= Nuclear Accident Response Organisation =

UK Government coordination of an emergency involving defence nuclear assets

HQ Defence Nuclear Emergency Operations (DNEO) is maintained by the UK Ministry of Defence (MOD) to respond to an accident or incident, including one arising through terrorist acts, involving defence nuclear assets.

Defence Nuclear Assets include:
- Naval Nuclear Reactors; to include all operational Royal Navy submarine reactors
- Defence nuclear reactor fuel
- Nuclear Weapons and radioactive components
- Radioactive material on defence nuclear sites, which warrants implementation of the site emergency arrangements

The aim of the HQ DNEO is to ensure an effective UK Government level response to a defence nuclear emergency. The primary emergency response is led at regional level by Emergency Services under JESIP arrangements. The key objective is to protect the public, the environment and the economy.

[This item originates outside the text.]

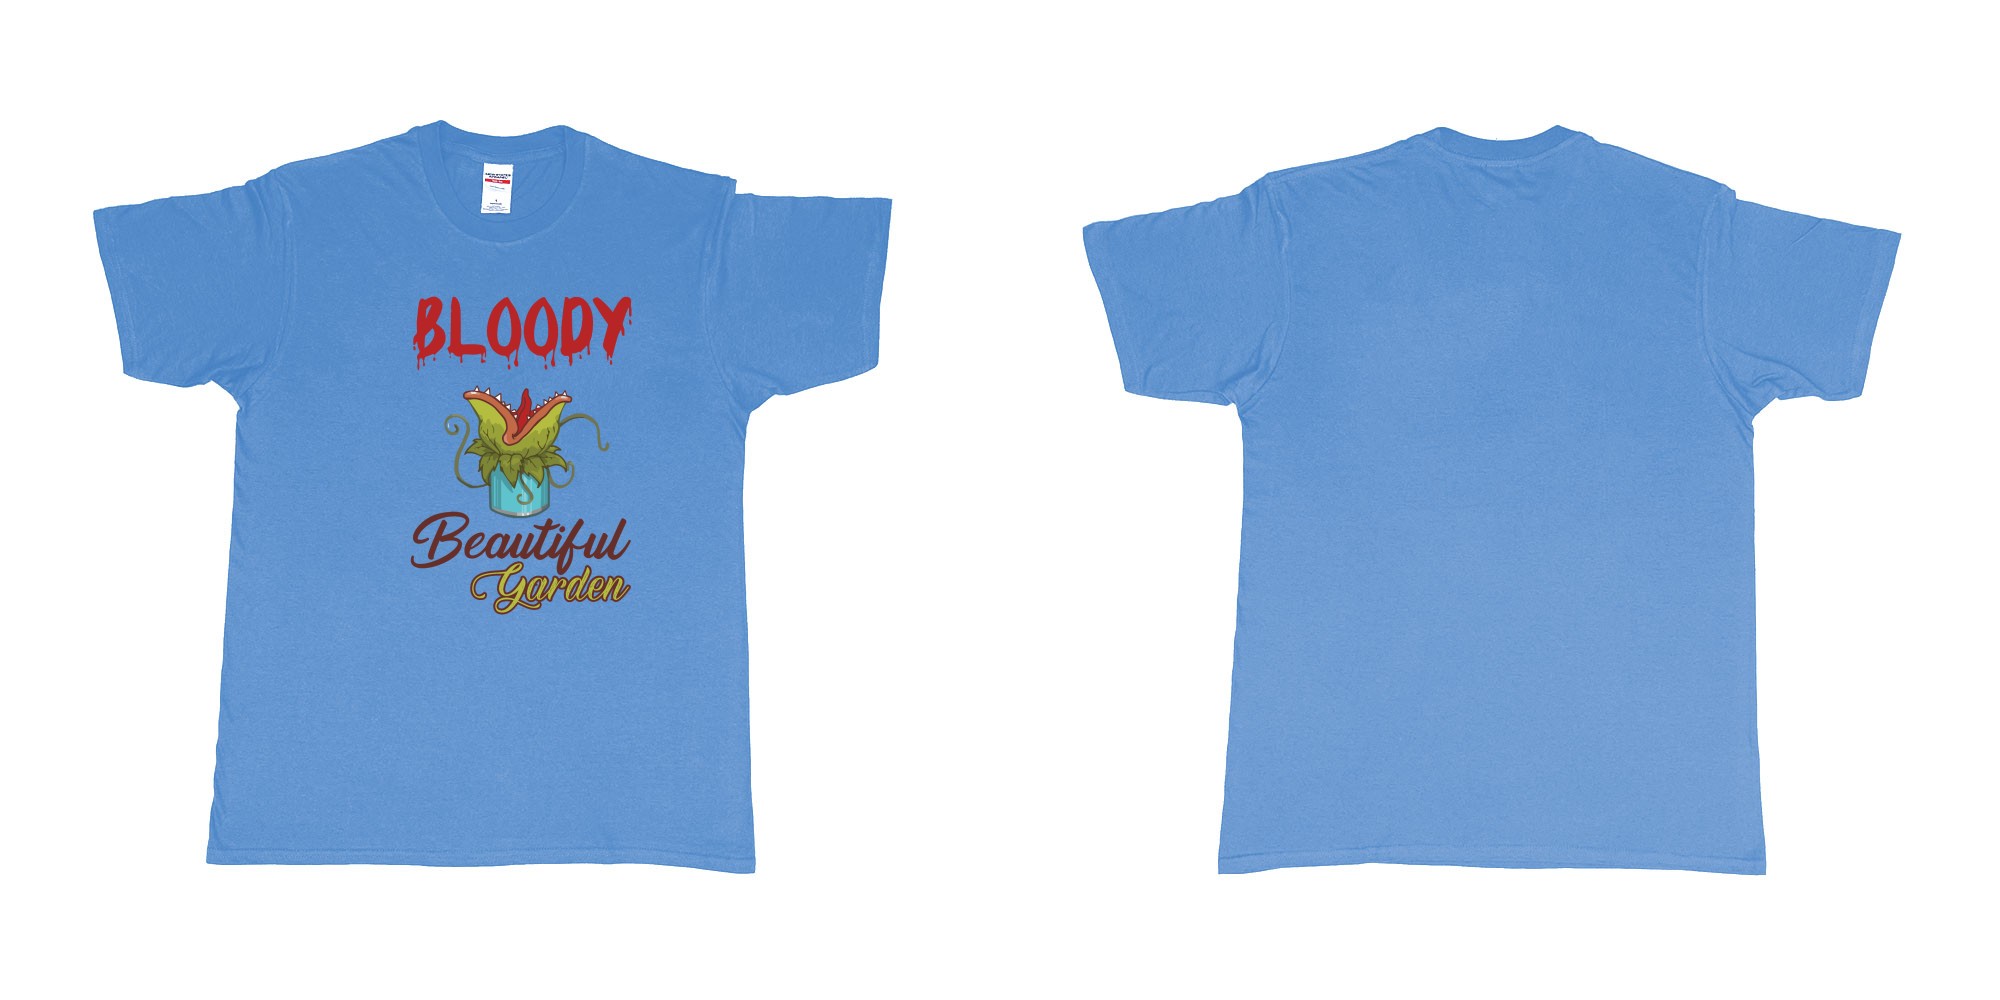 Custom tshirt design bloody beautiful garden little shop of horror in fabric color carolina-blue choice your own text made in Bali by The Pirate Way

The MOD has two key responsibilities in the maintenance and provision of a nuclear accident response capability in the event of a defence nuclear accident:
- The MOD has executive responsibilities for the safe operation of its nuclear programmes and for the post accident render safe and recovery operations
- The MOD, through HQ DNEO, is nominated by the Cabinet Office as the UK Lead Government Department to coordinate the Central Government response to a Defence Nuclear Accident, and for liaison with the Devolved Administrations as appropriate (The Central Government arrangements for Civil and Defence Nuclear Emergency resilience are coordinated through the Nuclear Resilience Coordination Committee, NRCC chaired by DESNZ and MOD)

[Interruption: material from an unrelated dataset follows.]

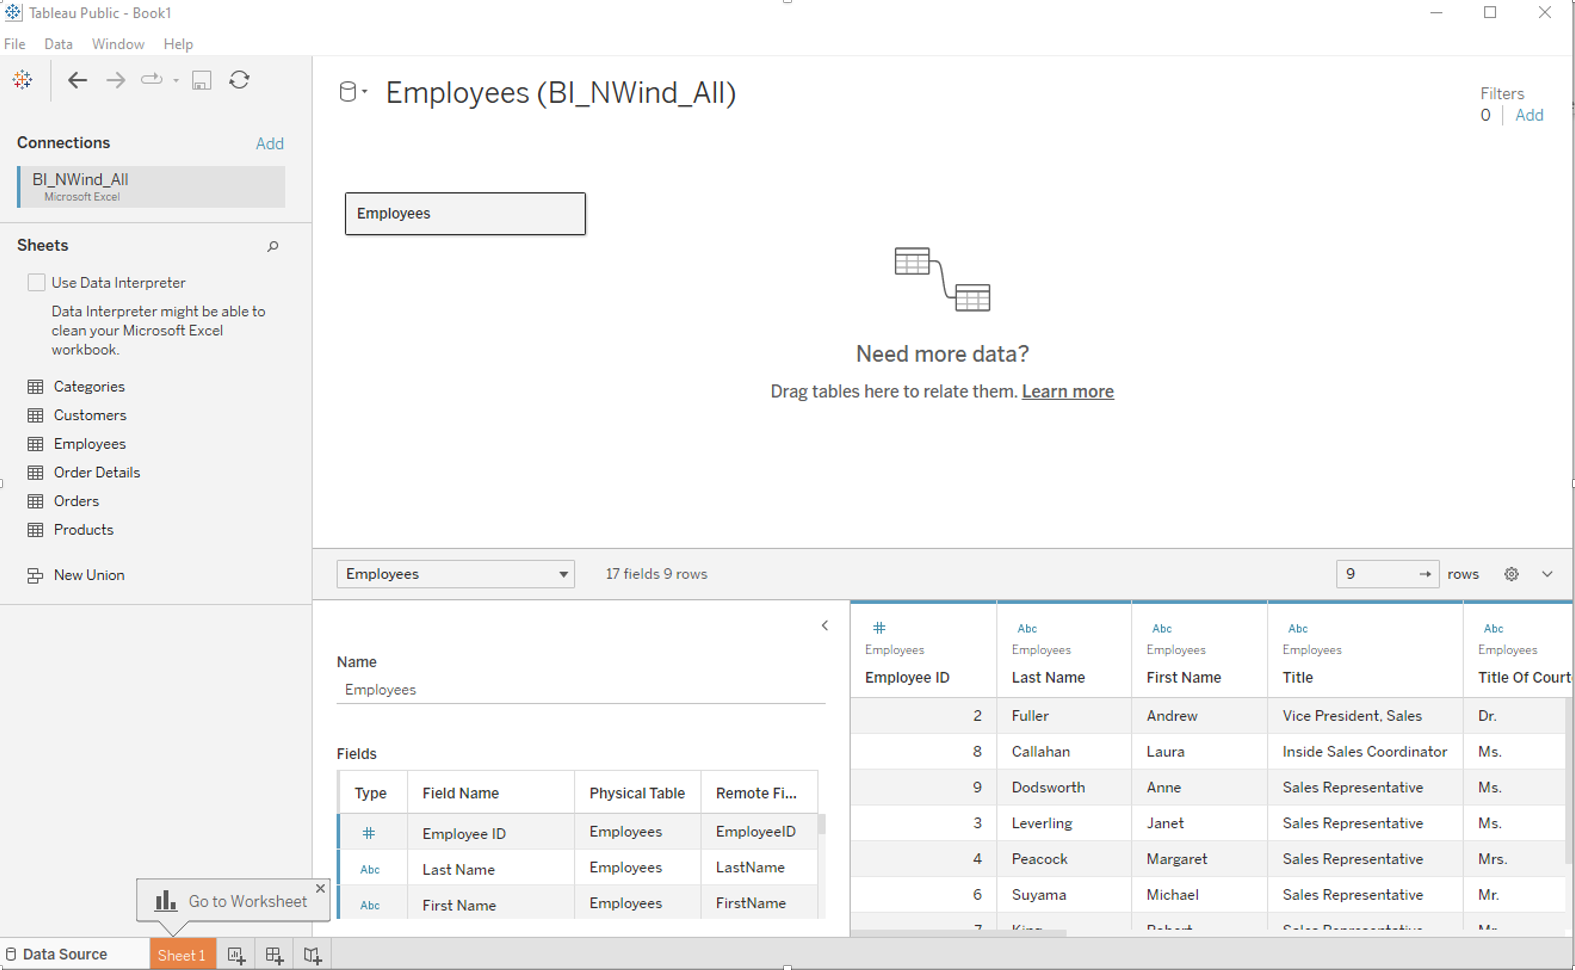 Screenshot showing the data source connection view in Tableau.

The HQ DNEO comprises civilian and military personnel from DNO and across the MOD, who provide a wide range of skills and expertise, including: nuclear safety, radiological monitoring, command and control, mapping, information management and security.

The MOD conducts a regular series of exercises, involving local authorities, local emergency services and agencies across government, in order to ensure the effectiveness of the nuclear accident emergency plans. In the unlikely event of a defence nuclear accident, the MOD would support the emergency services and local authorities as appropriate.